::: Supplied information :::

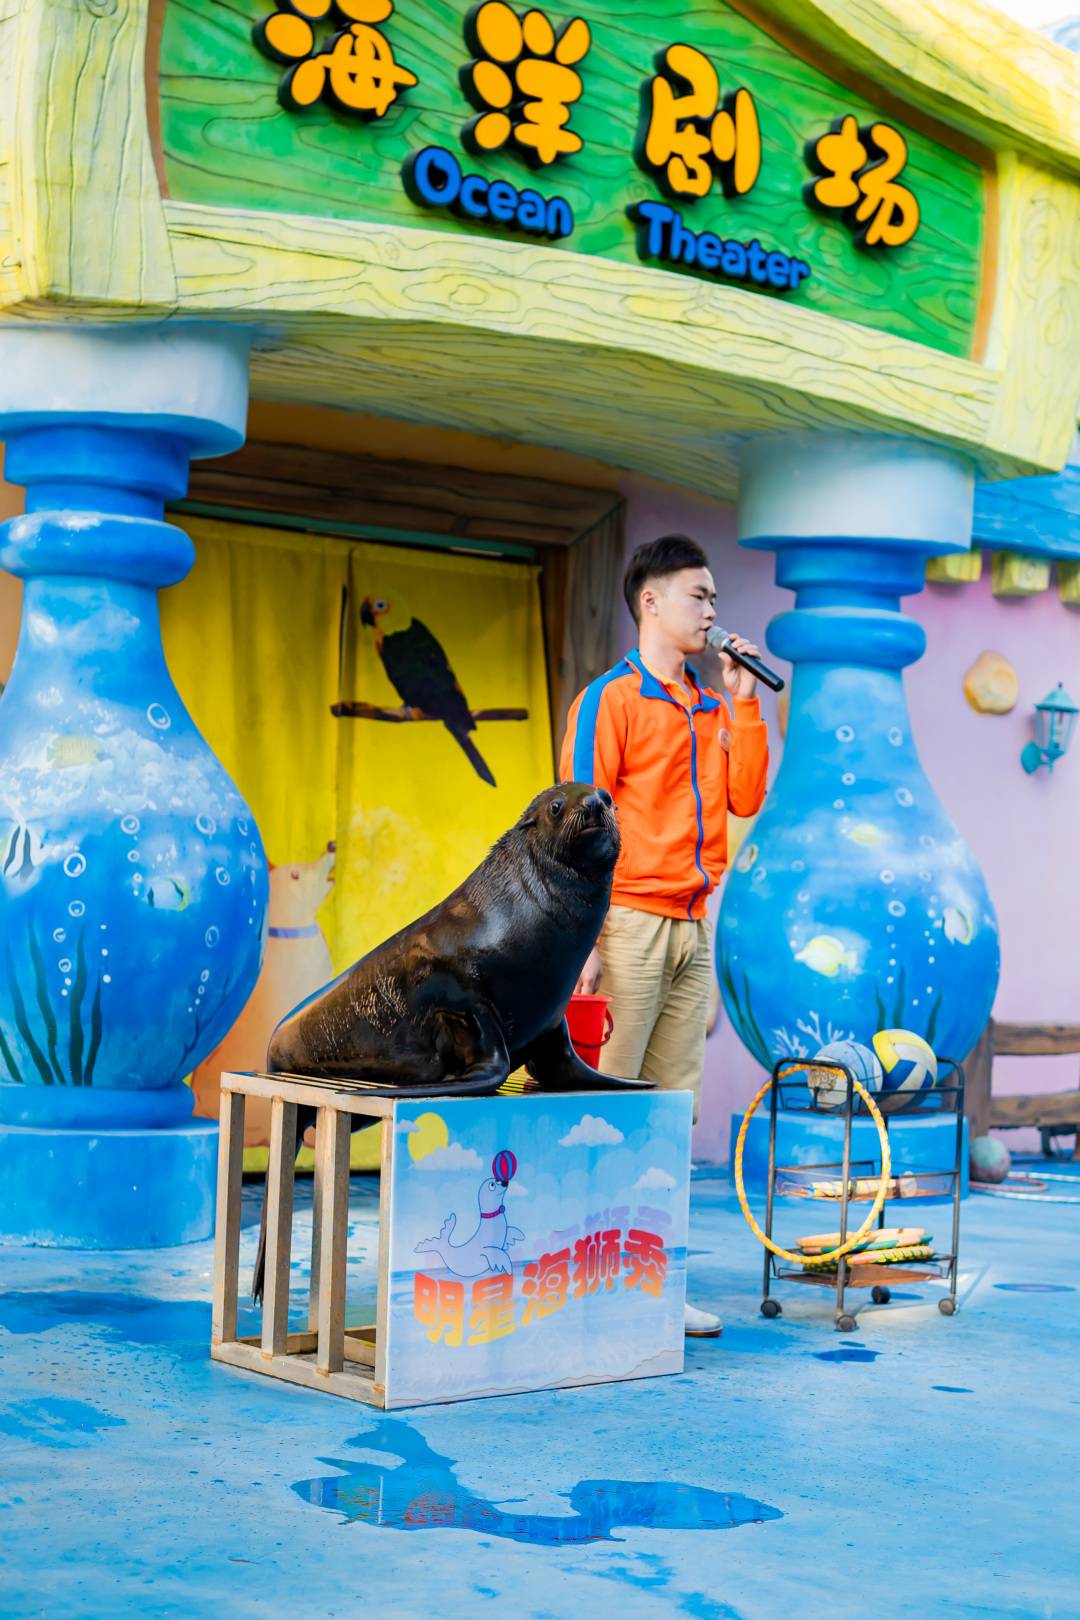 【7-8月特惠】广州融创国际马戏+明星动物园三人票，有效期7月1日-8月31日内入园一次
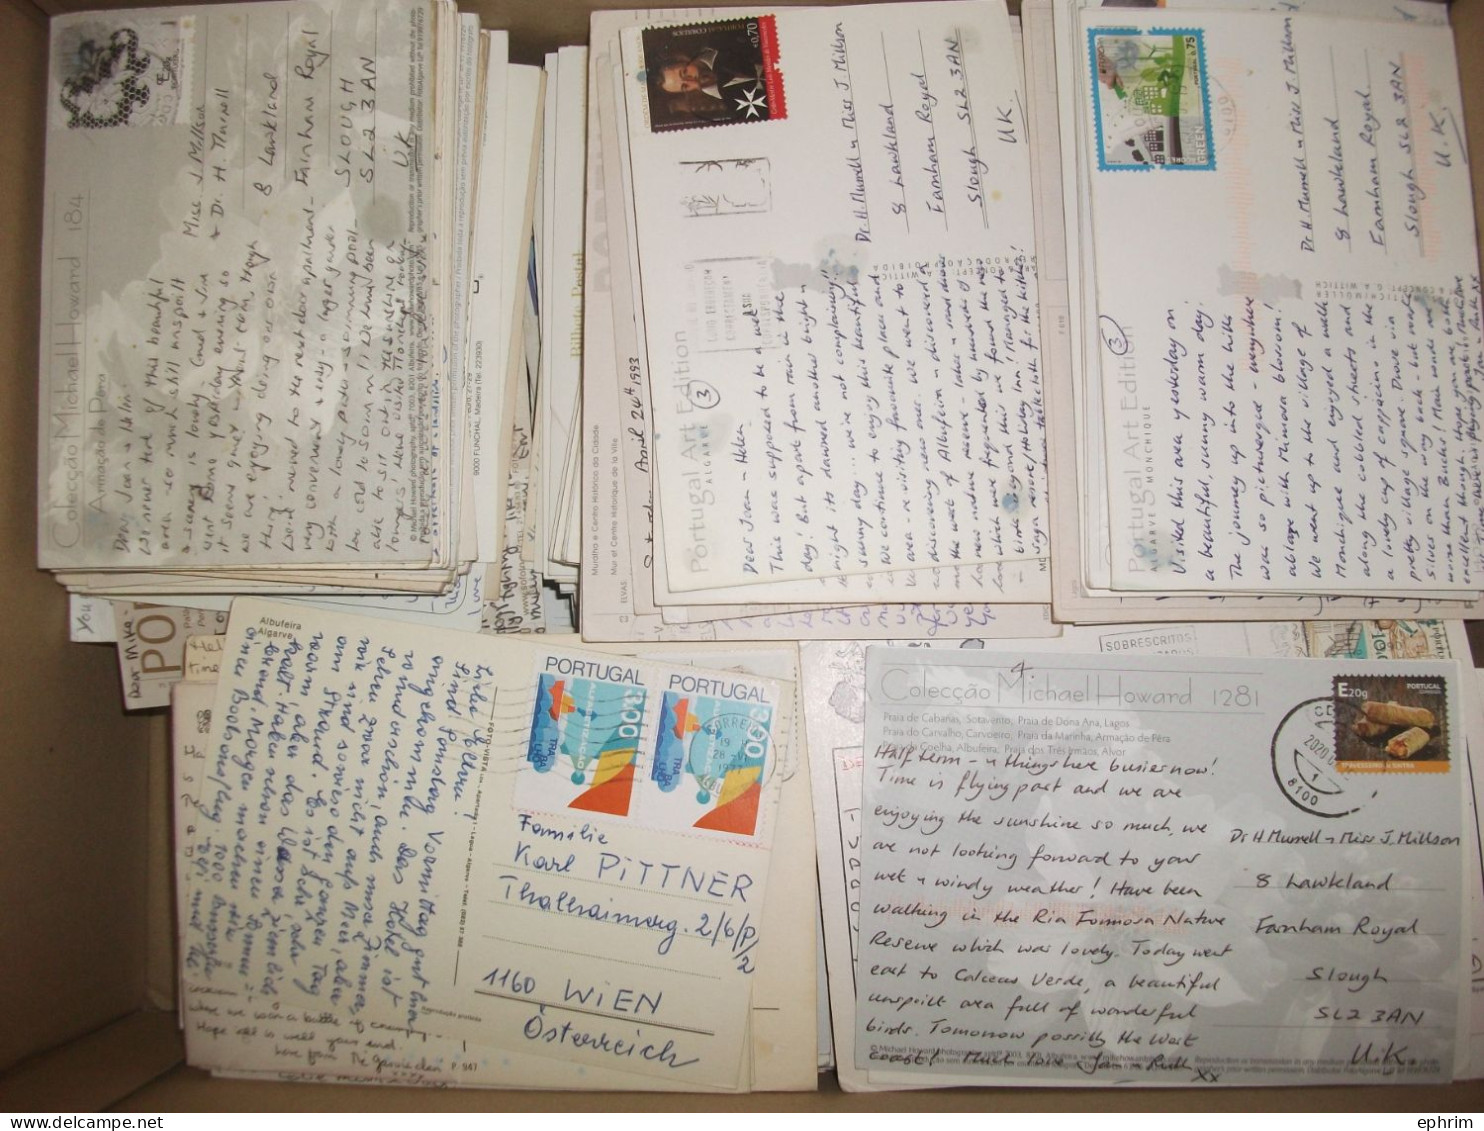 PORTUGAL Gros lot varié de + 2000 Cartes Postales Affranchies Timbres Timbre Stamp Picture Postcard Bilhete Postal Sello
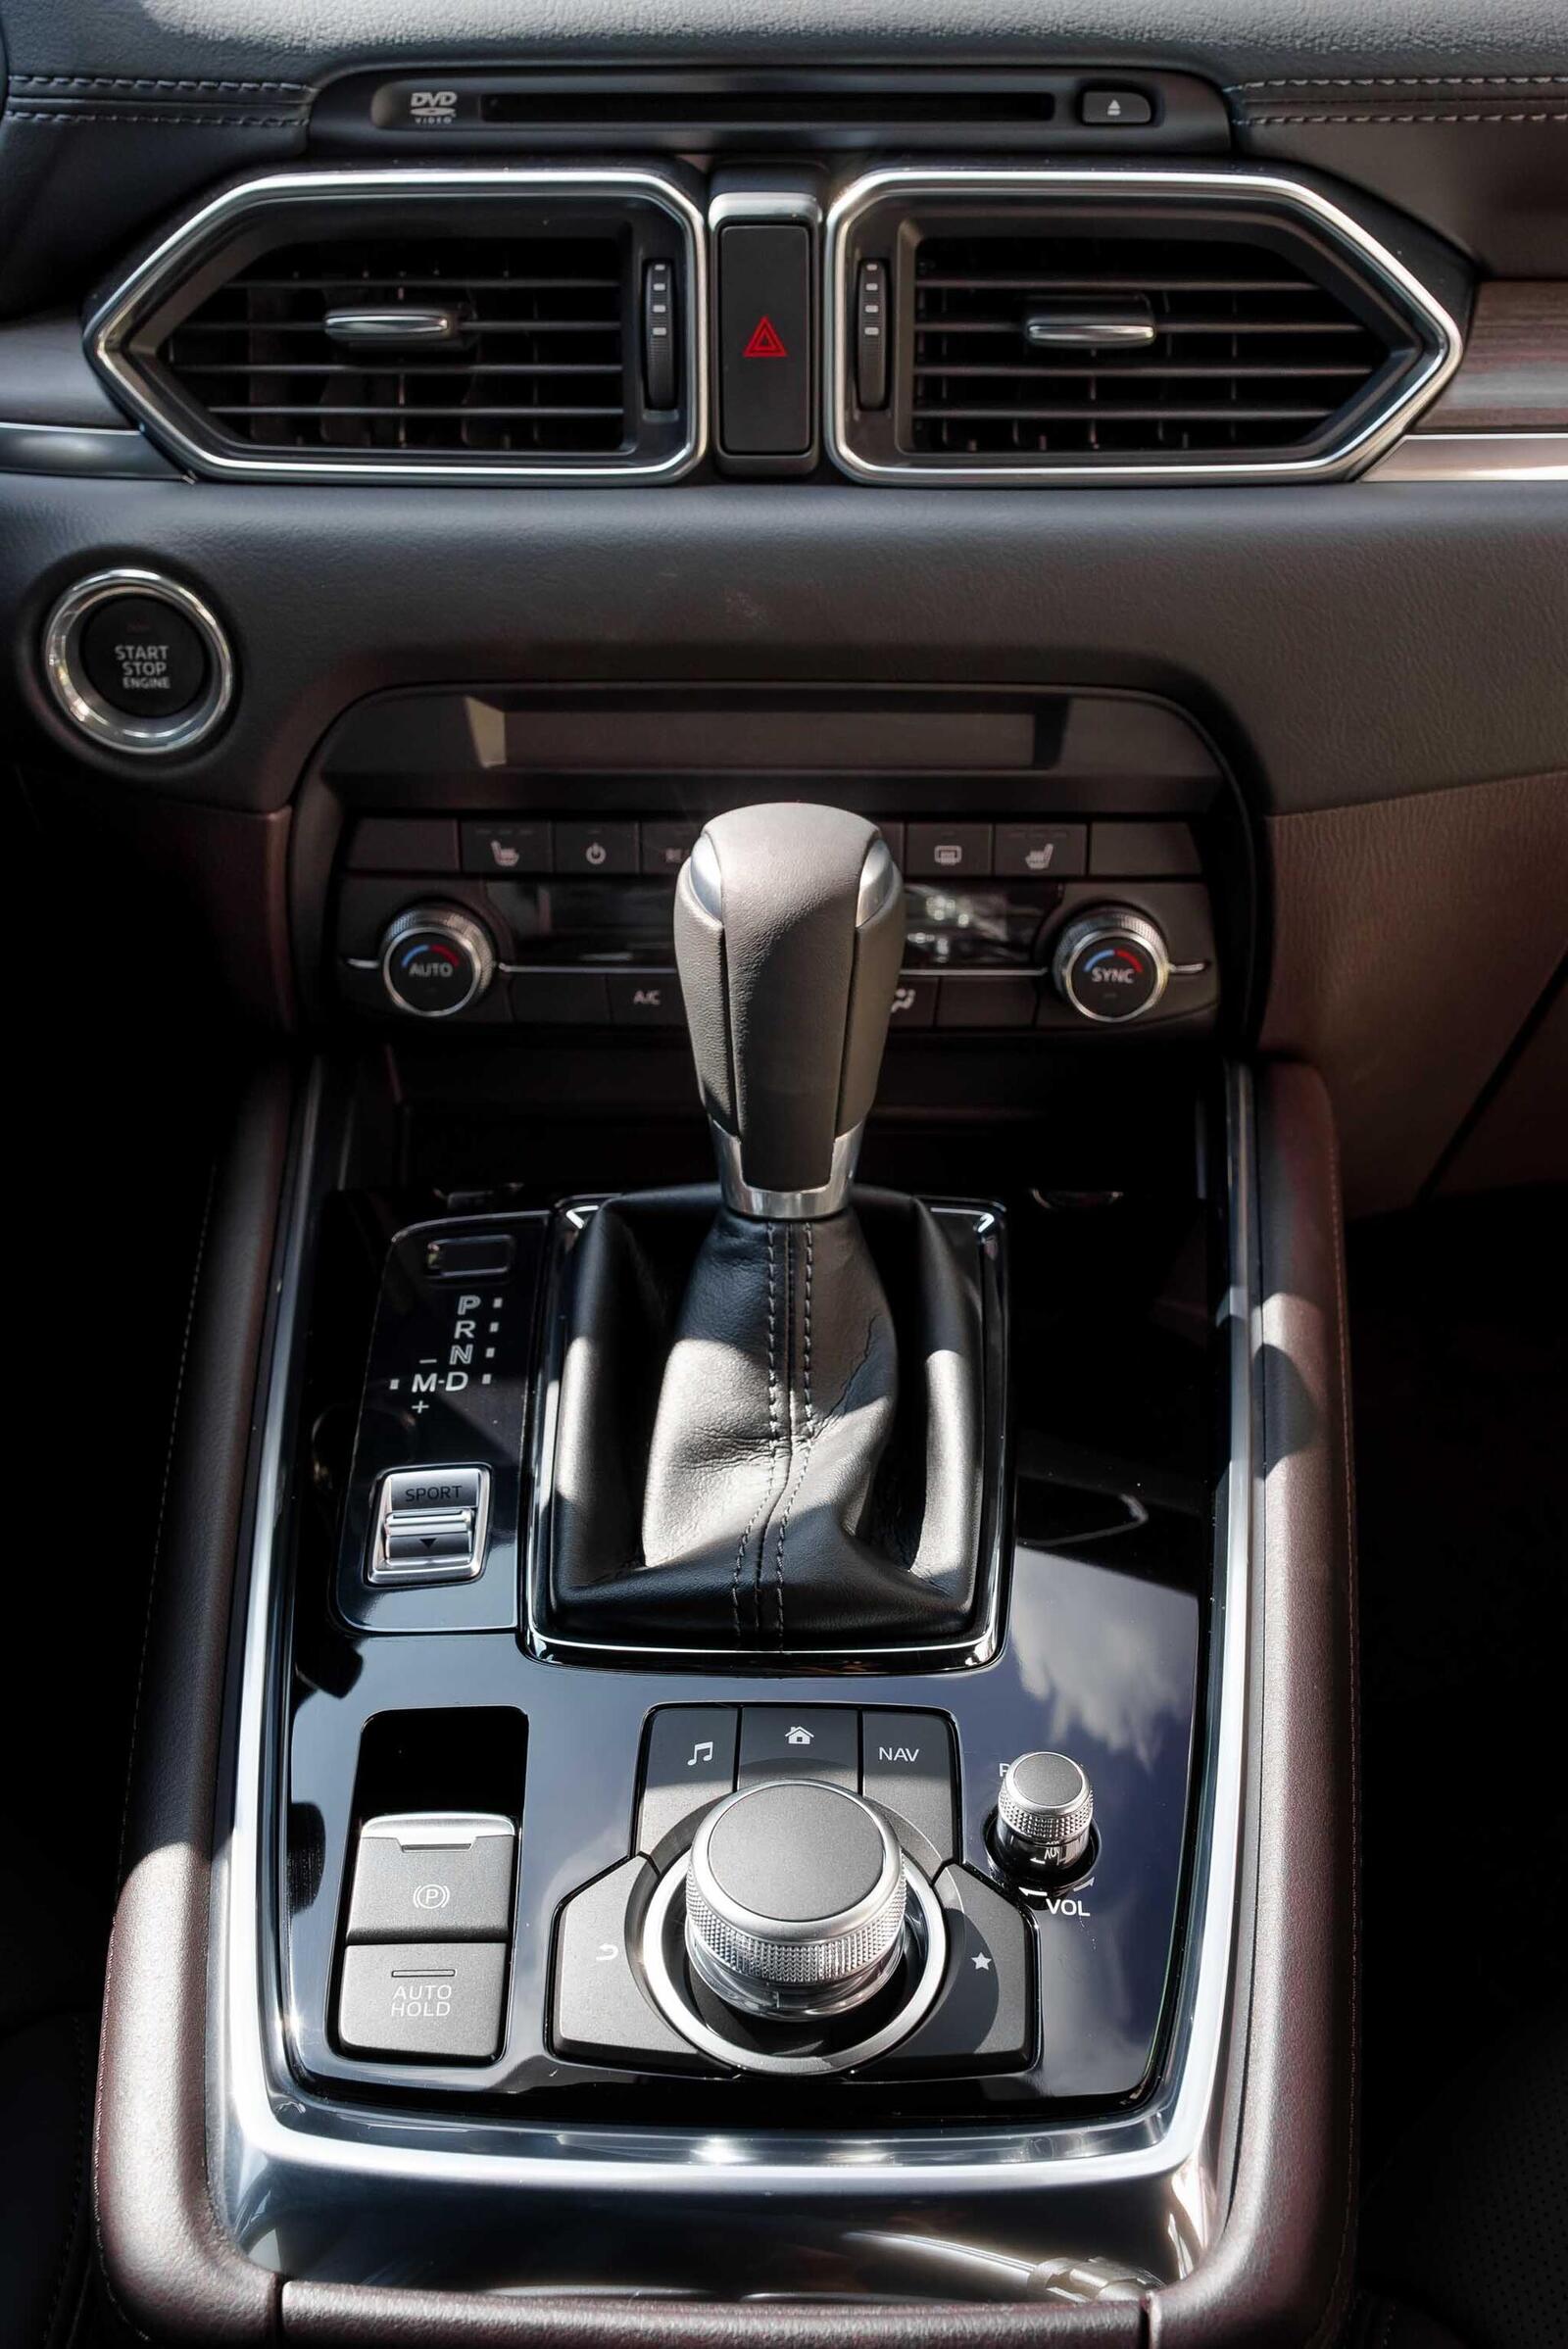 So sánh trang bị tiện nghi và an toàn của các phiên bản Mazda CX-8 - Hình 11

:::

#### Task requirements
The reply should contain every line of the material exactly, and no images.

#### Exercise output
 【7-8月特惠】广州融创国际马戏+明星动物园三人票，有效期7月1日-8月31日内入园一次
 PORTUGAL Gros lot varié de + 2000 Cartes Postales Affranchies Timbres Timbre Stamp Picture Postcard Bilhete Postal Sello
 So sánh trang bị tiện nghi và an toàn của các phiên bản Mazda CX-8 - Hình 11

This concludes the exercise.